Updating how we measure quantum quality and speed

We are introducing two new metrics — error per layered gate (EPLG) and CLOPS_h — to fully encapsulate the performance of 100+ qubit processors powering this utility-scale era.

Date

20 Nov 2023

Authors

Andrew Wack

David McKay

Topics

Research

Share this blog

As we continue scaling up quantum processors, it’s becoming clear that we need more than just quantum volume to fully encapsulate the performance of utility-scale quantum computers. Therefore, we are debuting a new metric to benchmark our processors, called layer fidelity,¹ and re-doing how we calculate CLOPS to sync with layer fidelity.

How are we benchmarking our quantum computers today?

Until now, we have been mainly benchmarking our processors using a quantity known as Quantum Volume.² If a processor has a Quantum Volume of 2ⁿ, it means that the device is likely to produce the right output of a square quantum circuit on some subset of n qubits with n layers of random two-qubit gates. The Quantum Volume number is meant to represent the complexity of the computational space that the circuit can access.
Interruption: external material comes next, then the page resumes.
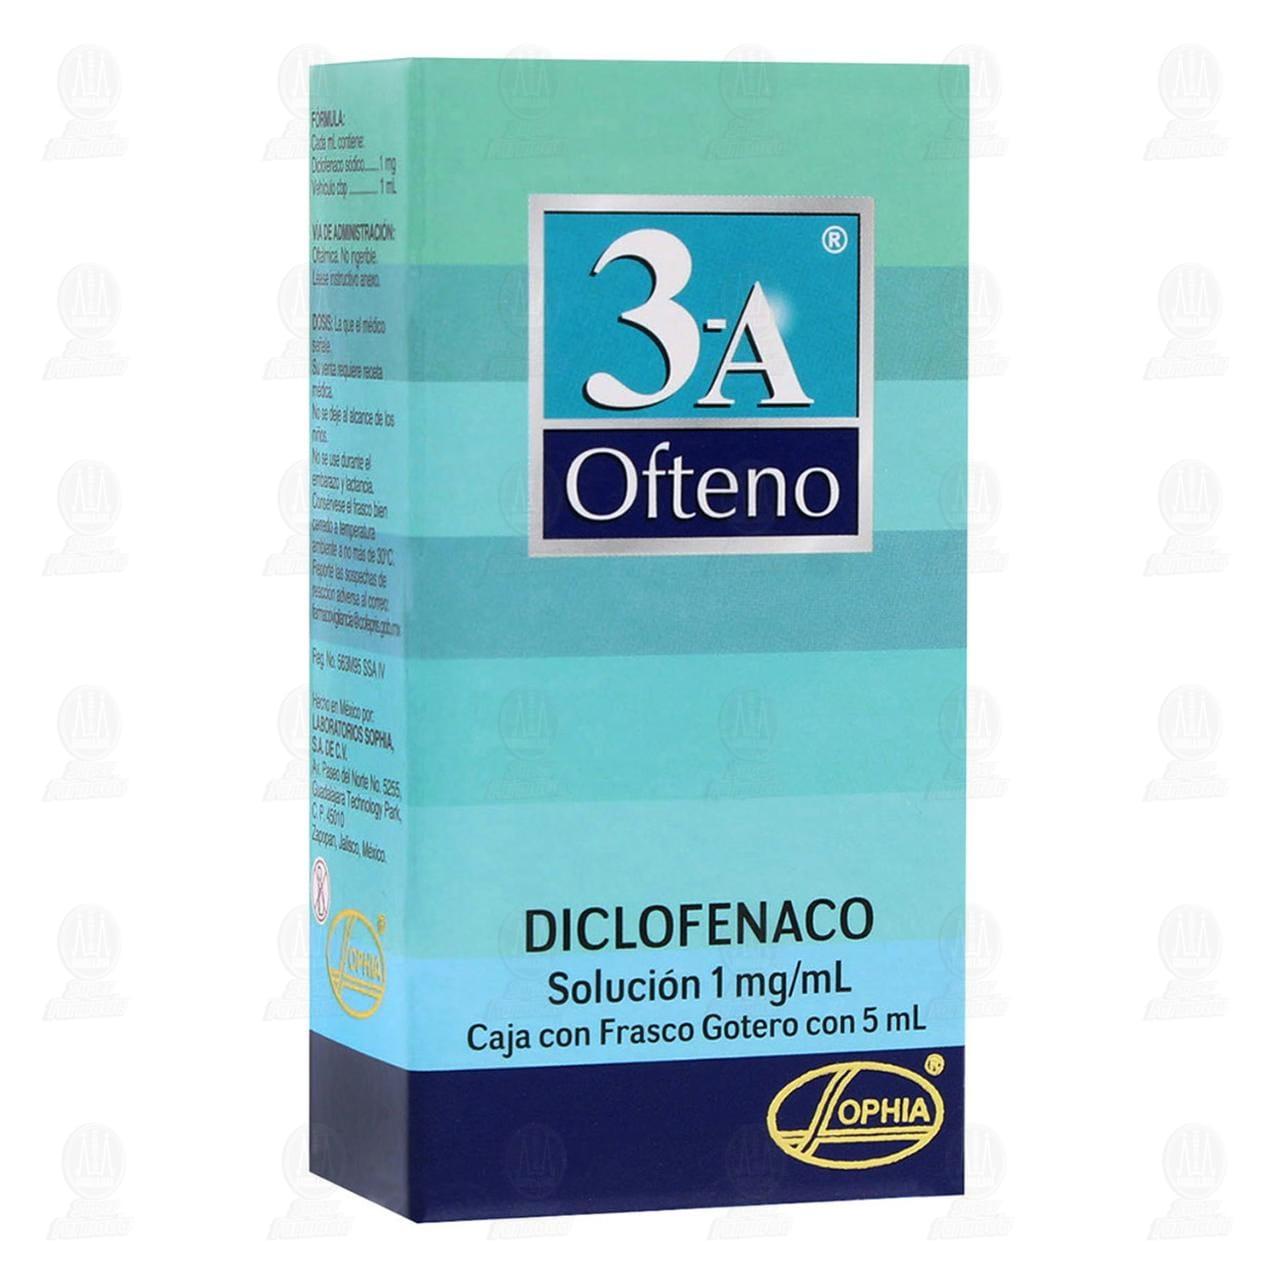 comprar https://www.movil.farmaciasguadalajara.com/wcsstore/FGCAS/wcs/products/122157_A_1280_AL.jpg en farmacias guadalajara

So, if eight of a processor’s qubits are stable enough to consistently return the correct values for a circuit with eight layers worth of gates, then the Quantum Volume is 2⁸ or 256.

Quantum Volume is still the best way to make sure we do not game the systems for understanding crosstalk, errors, etc. But we always knew that we would need to find additional benchmarking metrics once we began releasing larger systems. For small volumes, Quantum Volume only samples a tiny part of the system. Quantum Volume spotlights a handful of the device’s best qubits, without talking holistically about the average performance across the system.
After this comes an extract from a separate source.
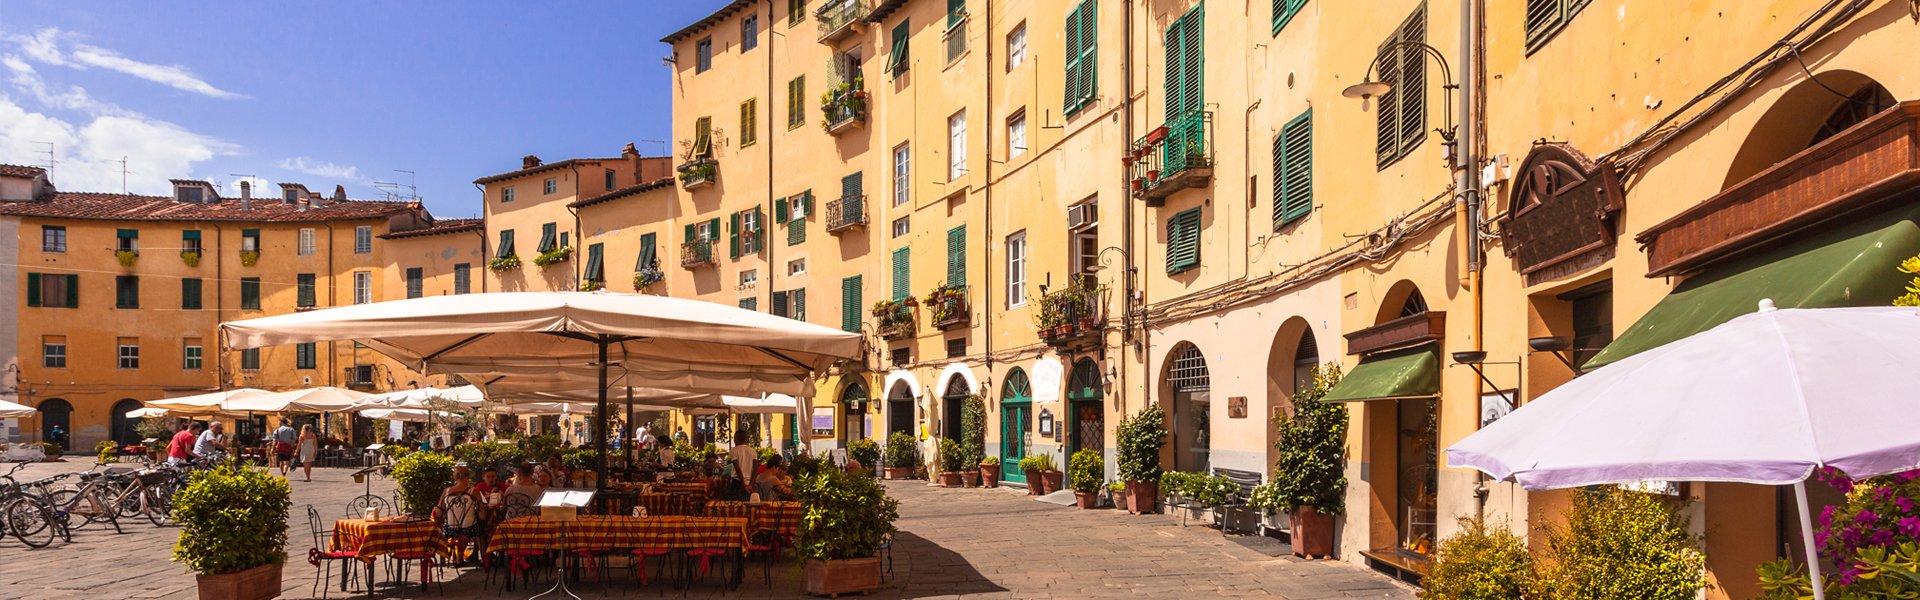 Piazza Anfiteatro in Lucca, Italië

For large enough systems, Quantum Volume experiments will soon become too large for us to simulate classically — we won’t know whether or not our systems can pass the Quantum Volume test. Finally, Quantum Volume was designed to run on all-to-all connected systems, where every qubit can talk to every other qubit. In our 2D topology this means that every step up in Quantum Volume is taxing on the fidelity and the number of gates since we need to introduce many SWAP gates to move information around (each SWAP requiring three CNOT entangling gates).
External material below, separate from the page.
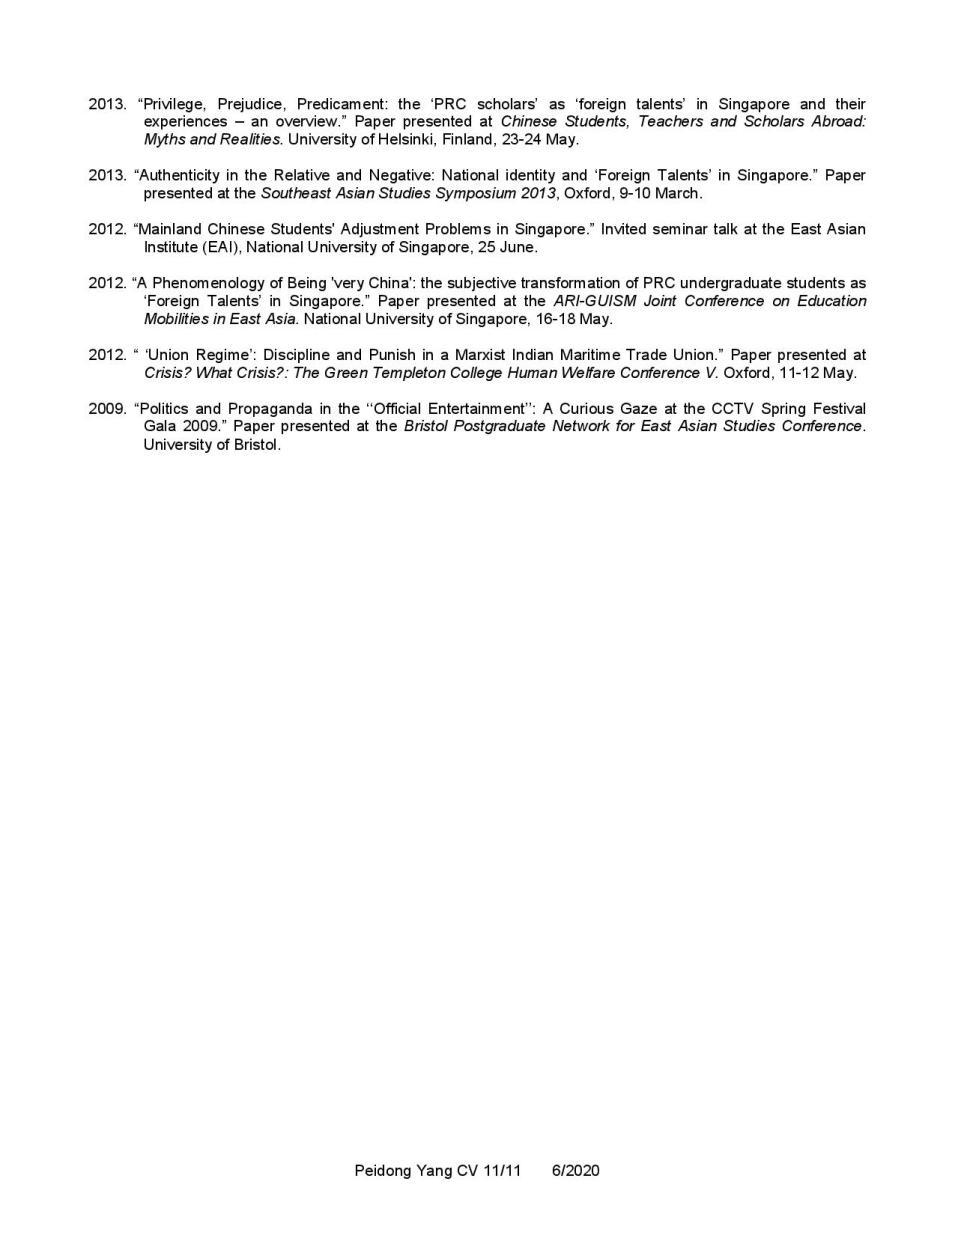 CV YANG Peidong_6.2020-page-011

Looking into the future, we need an additional metric that tracks continual improvements at 100+ qubits and that helps us understand the system’s ability to run large-scale, error-mitigated algorithms; a system can often return accurate error-mitigated expectation values for circuits with far more qubits or gates than its quantum volume would otherwise suggest. Ultimately Quantum Volume is still a very strong test of system performance, which we will continue to track. But as we are continually improving scale and quality then we need to augment our characterization portfolio with a new metric to benchmark against.

Introducing layer fidelity, a new quality metric

As we enter the age of quantum utility,³ we are introducing a metric that gives us a more granular understanding of our systems while accurately capturing the system’s ability to run the kinds of circuits that users are running today. We call this metric layer fidelity.

Layer fidelity provides a benchmark that encapsulates the entire processor’s ability to run circuits while revealing information about individual qubits, gates, and crosstalk. It expands on a well-established way to benchmark quantum computers, called randomized benchmarking. With randomized benchmarking, we add a set of randomized Clifford group gates (that’s the basic set of gates we use: X, Y, Z, H, SX, CNOT, ECR, CZ, etc.) to the circuit, then run an operation that we know, mathematically, should represent the inverse of the sequence of operations that precede it.

Layer fidelity provides a benchmark that encapsulates the entire processor’s ability to run circuits while revealing information about individual qubits, gates, and crosstalk.

If any of the qubits do not return to their original state by the inverse operation upon measurement, then we know there was an error. We extract a number from this experiment by repeating it multiple times with more and more random gates, plotting on a graph how the errors increase with more gates, fitting an exponential decay to the plot, and using that line to calculate a number between 0 and 1, called the fidelity.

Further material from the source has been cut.